=== Data section ===

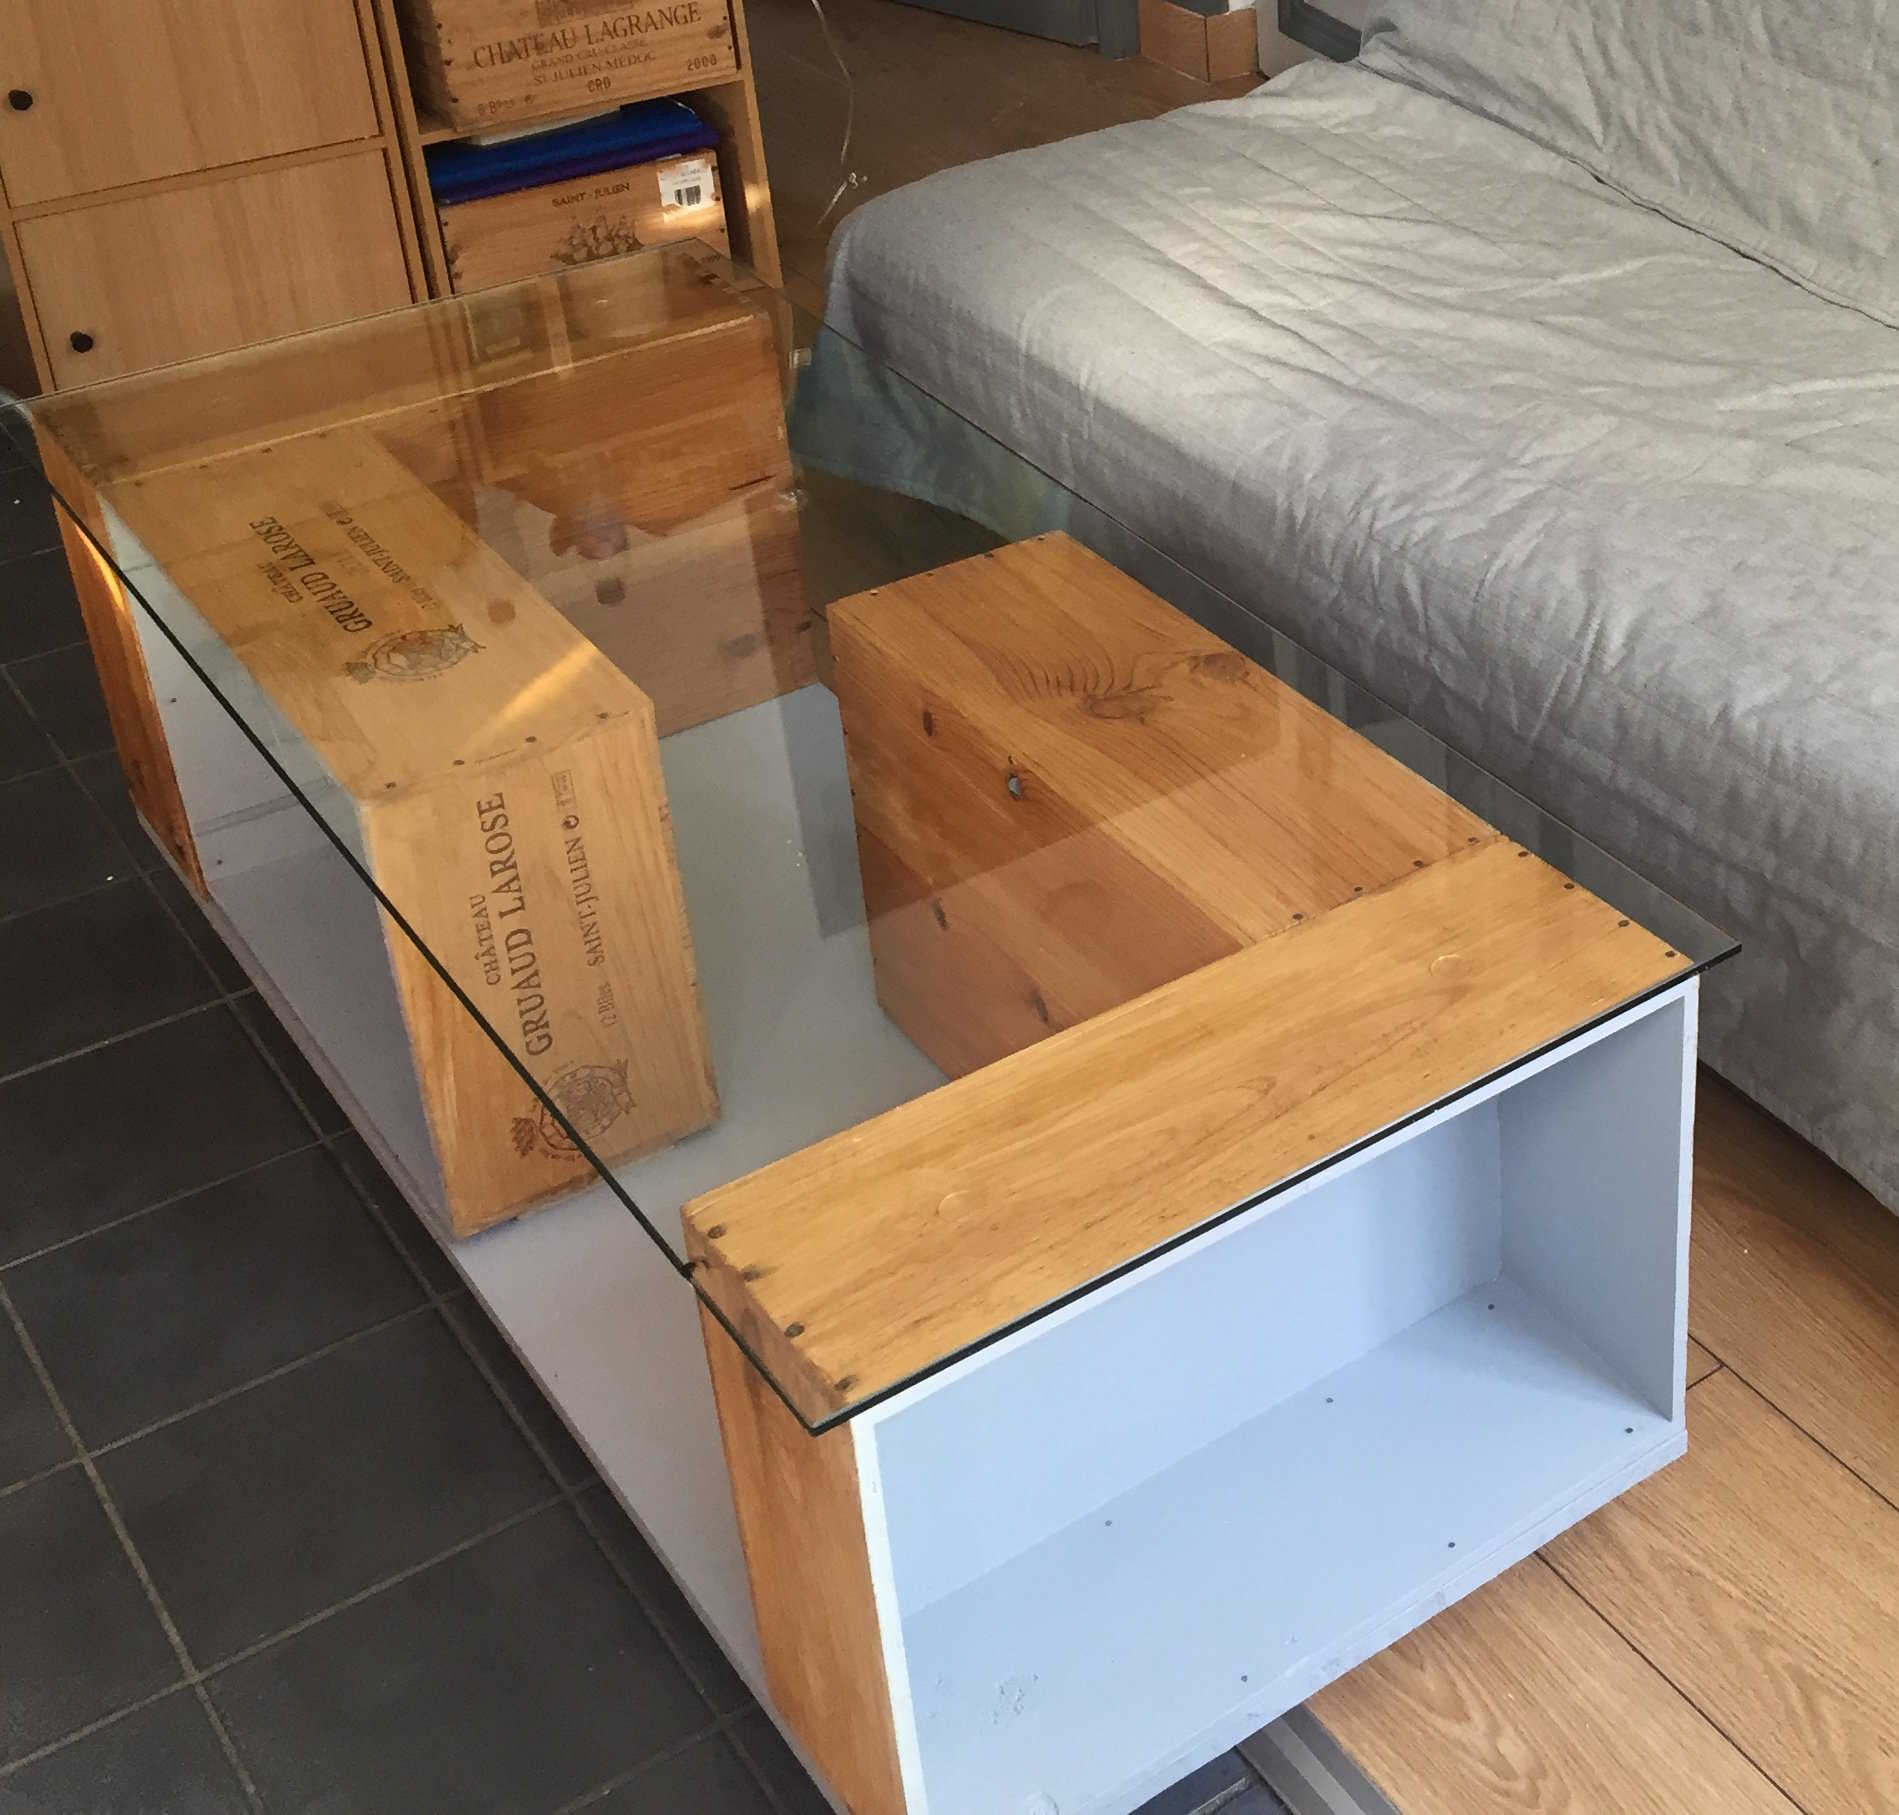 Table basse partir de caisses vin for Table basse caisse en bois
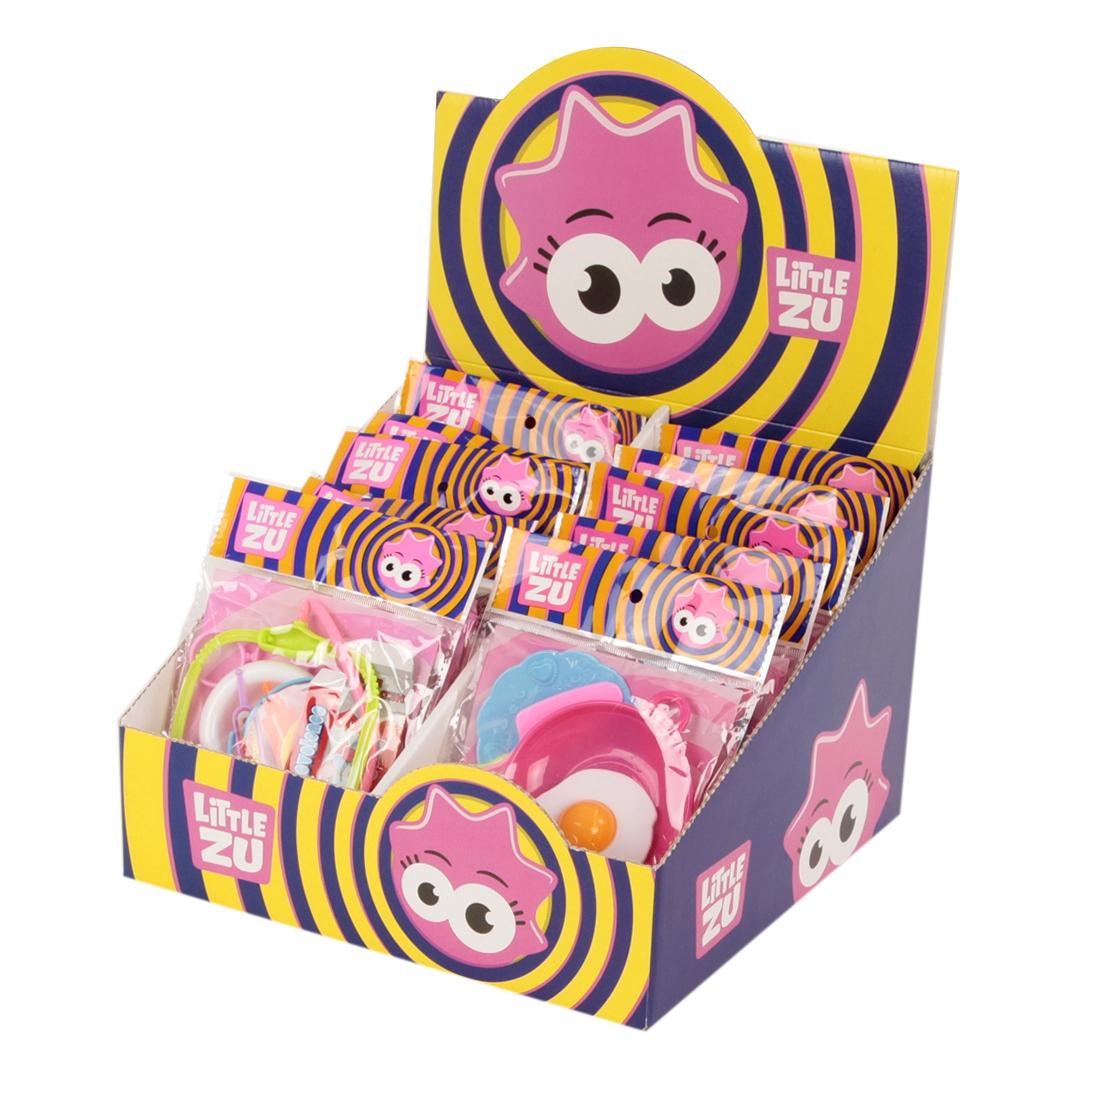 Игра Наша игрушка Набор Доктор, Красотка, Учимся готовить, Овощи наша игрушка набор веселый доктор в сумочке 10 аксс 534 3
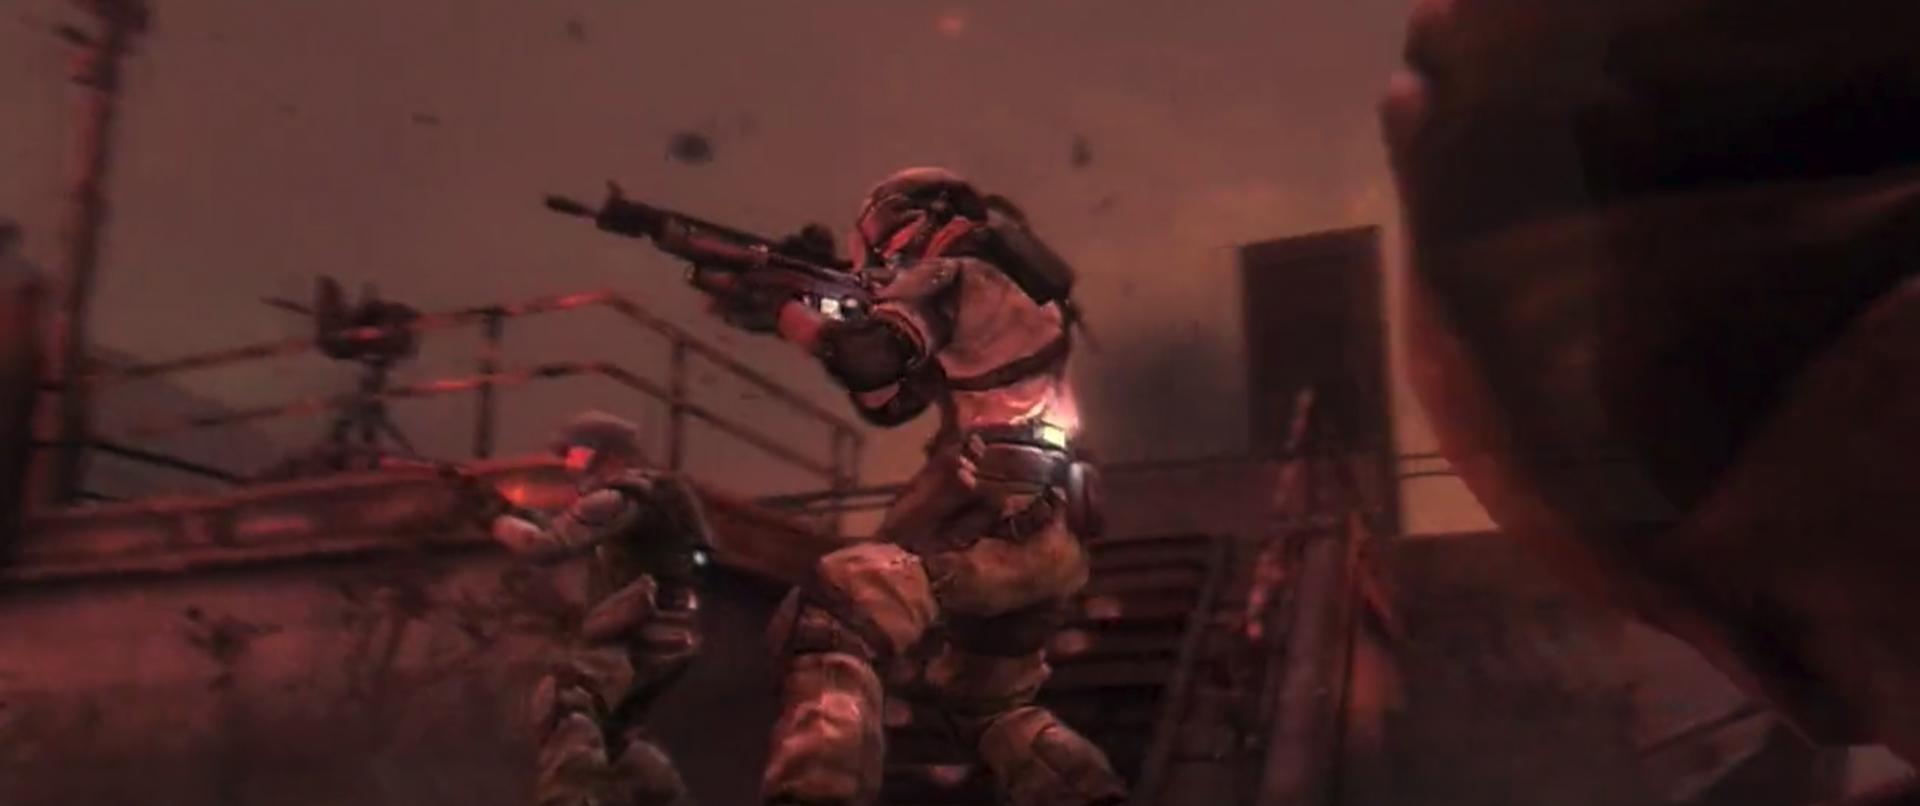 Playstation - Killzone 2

===

**Exercise**
Beginning with the line in which "Игра Наша игрушка" appears, repeat exactly each line down to the close of the material, leaving every picture out.

**Exercise solution**
 Игра Наша игрушка Набор Доктор, Красотка, Учимся готовить, Овощи наша игрушка набор веселый доктор в сумочке 10 аксс 534 3
 Playstation - Killzone 2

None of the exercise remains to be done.